The post-merchant power sector: What unintentional re-regulation could look like
Former FERC Commissioner Tony Clark says the collapse of the IPP model could return restructured states to a bilateral contracting model more familiar 20 years ago
The distress of the merchant power provider is well-known. All across the nation, low gas prices, stagnating electricity demand and an influx of subsidized renewables are stressing the finances of power plants that play in the open wholesale markets.
The issue has largely affected older coal and nuclear generators with high fixed costs. But in recent months, it has become so pronounced to force even some young, modern gas generators into bankruptcy, like the Sutter and La Paloma plants in CAISO last year and ERCOT’s Panda Temple Plant this spring.
Even the companies at the center of the merchant generation space appear to have lost faith in it. In a March earnings call, the CEO of NRG Energy, one of the nation’s largest independent power producers, said the merchant model is “now obsolete and unable to create value over the long term.” In June, NRG’s 14 GW GenOn portfolio filed for bankruptcy protection, and a month later, NRG announced a reorganization plan that includes the sale of 6 GW of conventional generation and up to all of its renewable yieldco.
But if the struggles of the merchant generation model are well understood, less so is what a power sector without a thriving merchant presence would look like. Such upheavals in organized power markets have not been seen since the days of the California energy crisis, and the contours of the power sector in a post-merchant world remain an open question.

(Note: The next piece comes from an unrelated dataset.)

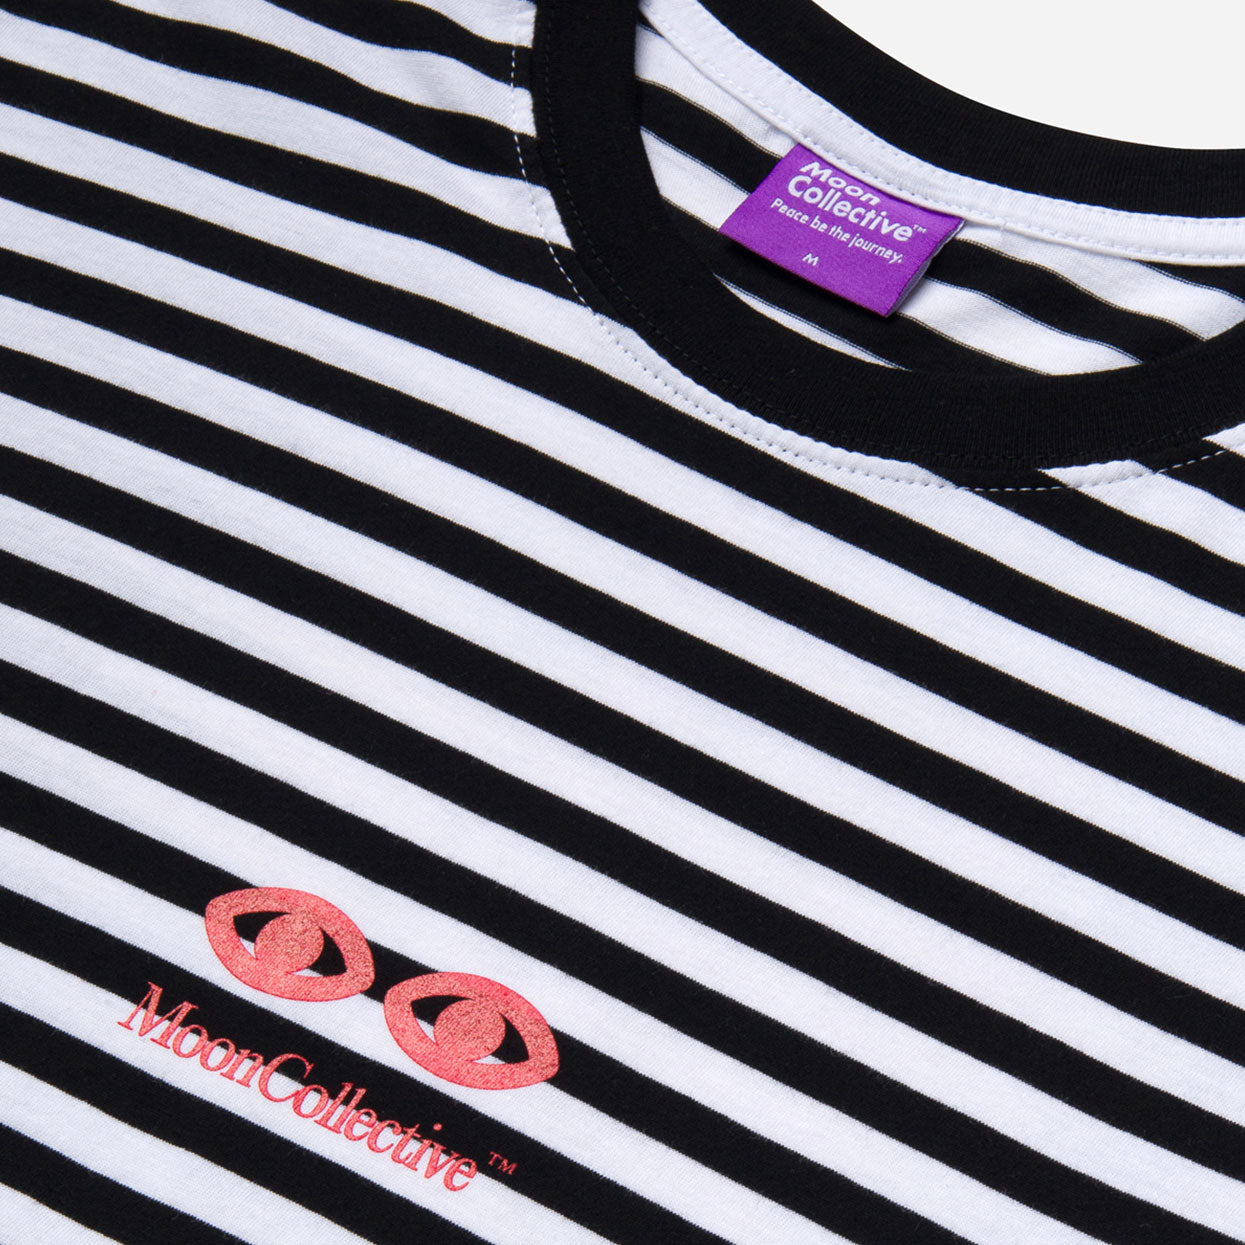 Logo + Cat Shirt - Striped

One figure with a unique vantage point is Tony Clark. A FERC commissioner from 2012 to 2016, Clark previously entered the sector as a North Dakota utility regulator in 2000, giving him a front row seat to the natural gas boom and the expansion of the nation’s wholesale markets.
Now a Senior Advisor at law firm Wilkinson Barker Knauer, Clark and his colleagues have published a series of white papers outlining the causes and consequences of wholesale market upheavals. At the summer conference of the National Association of Utility Regulatory Commissioners, he told Utility Dive that a post-merchant market may look a lot like “joint dispatch markets,” where long-term bilateral power purchase agreements take the place of capacity markets as the primary means of ensuring adequate power supply.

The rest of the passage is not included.